Cabe mencionar que la Corte Constitucional en la sentencia T-615 de 2016, hizo referencia a cuándo debía o no aplicarse su precedente relacionado con el IBL, para lo cual señaló que los parámetros establecidos en la sentencia C-258 de 2013, no resultan aplicables a aquellas pensiones consolidadas con anterioridad a su expedición. 68. Ahora bien, esta Sala, con fundamento en la tesis expuesta en la sentencia T-615 de 2016, consideró en providencias anteriores[33] que aunque prevalecía la posición de la Corte Constitucional, frente a las de las demás altas Cortes, lo cierto es que en cada caso hay que aplicar la tesis vigente al momento de adquirir el derecho pensional, posición, que fue modificada en consideración a que: a. Dicha decisión fue declarada nula mediante Auto 229 de mayo 10 de 2017 (el cual se encuentra debidamente publicado), puesto que la Corte Constitucional consideró que este fallo no tuvo en cuenta el precedente contenido en las sentencias C-258/13, SU-230/15 y SU- 405/16, según el cual el IBL de los beneficiarios del régimen de transición previsto en el artículo 36 de la Ley 100 de 1993 no puede ser el estipulado en el sistema pensional anterior al cual se encontraban afiliados, sino el previsto en el inciso tercero de esa norma.

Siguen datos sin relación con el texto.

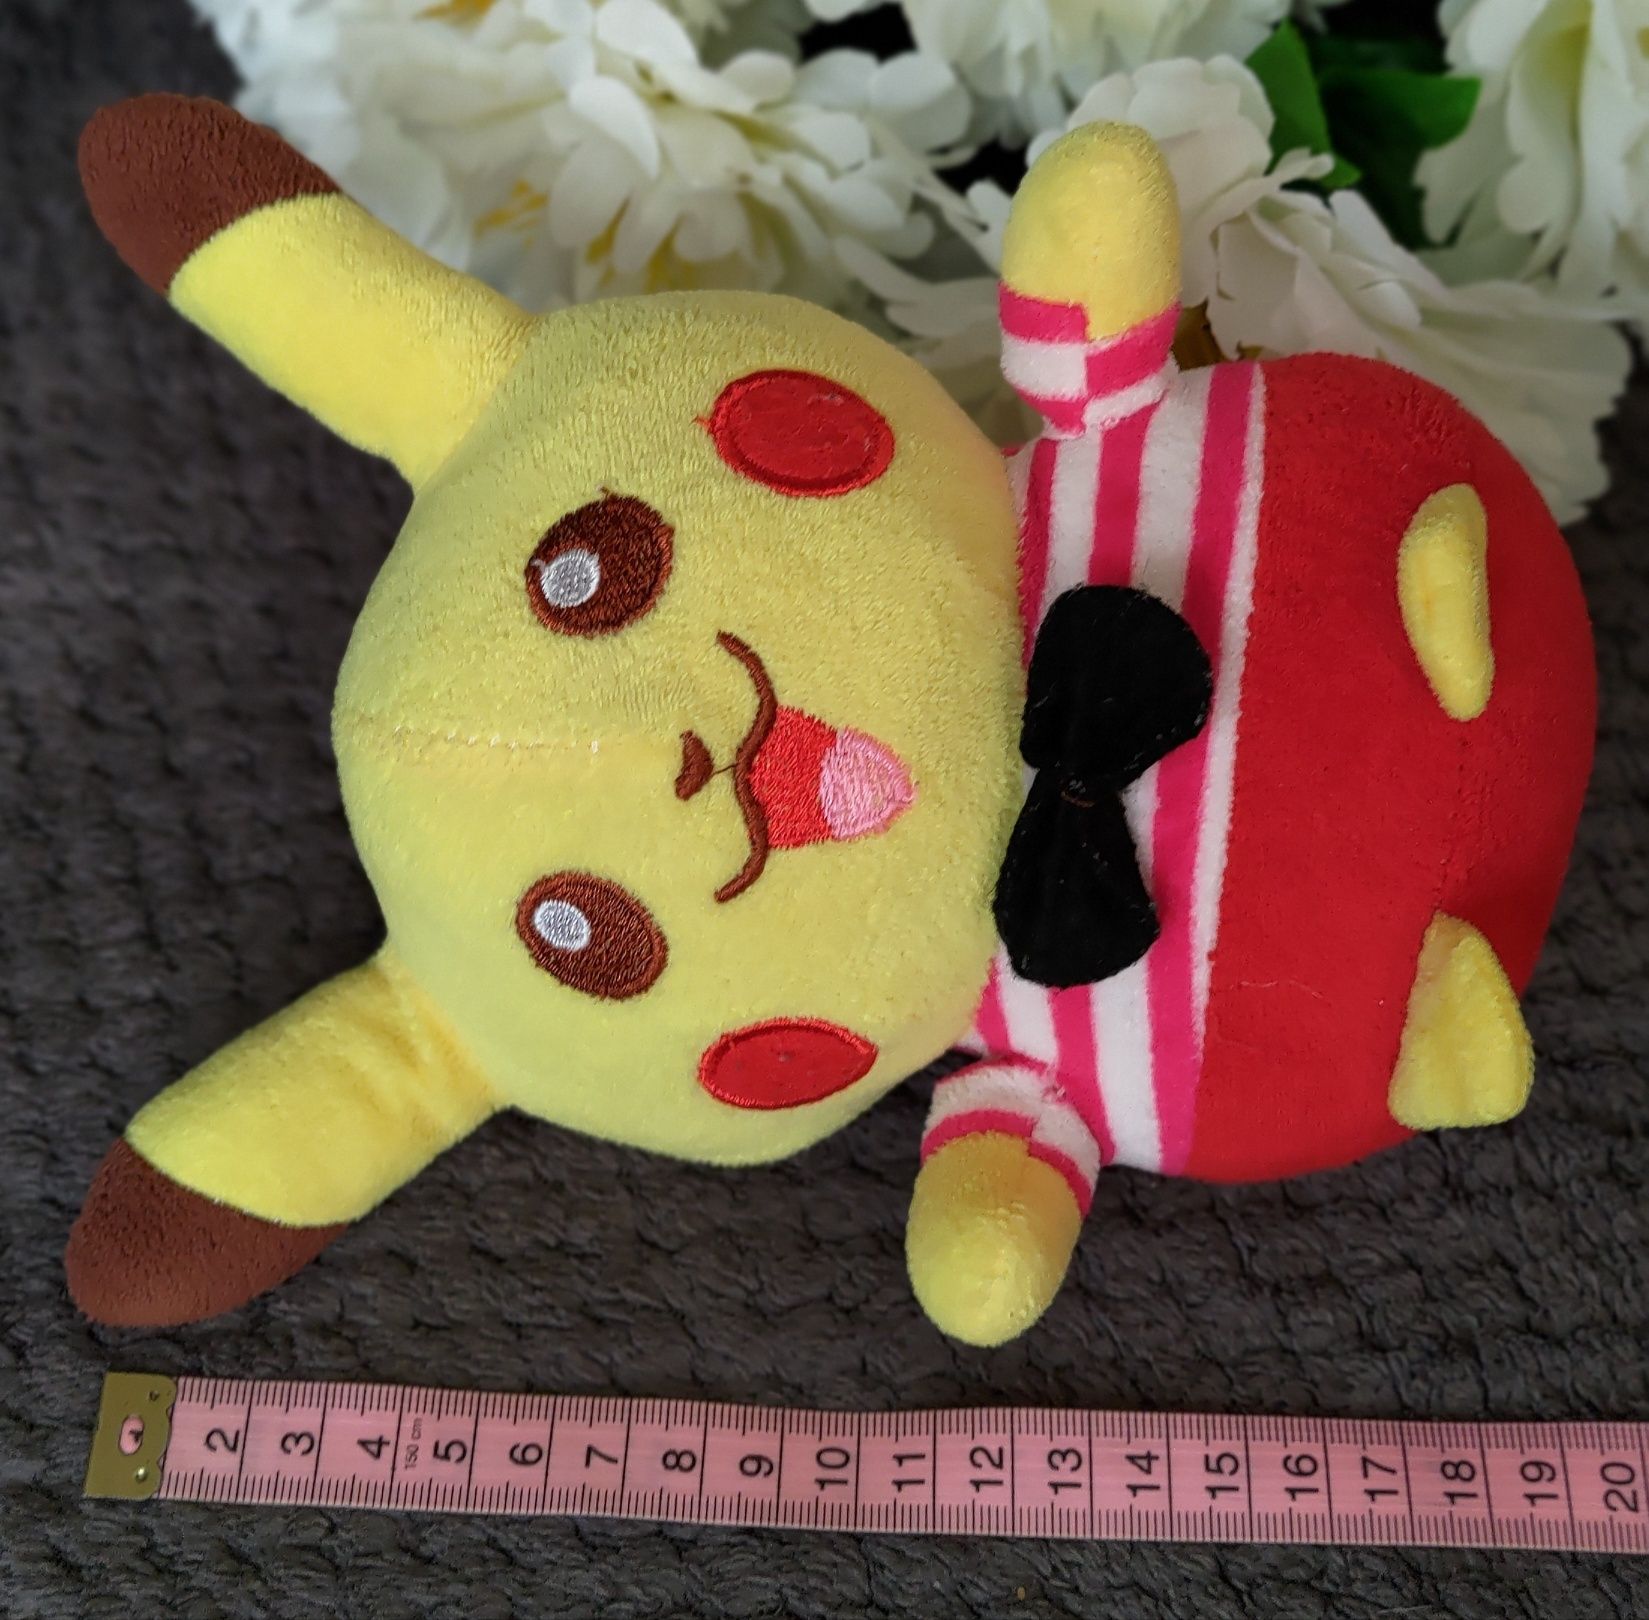 Pokemon Pikachu pluszowa zabawka.

Además, el máximo tribunal constitucional advirtió sobre la obligación de acatar la línea jurisprudencial de las decisiones emitidas por la Sala Plena. b. Si bien en esa posición se acepta que el precedente obligatorio es el de la Corte Constitucional, lo cierto es que condiciona su aplicación a que el derecho pensional se cause después de proferida la sentencia de unificación SU-230 de 2015, lo cual, implica que en la práctica el precedente de la Corte no es aplicable a ningún caso. 69.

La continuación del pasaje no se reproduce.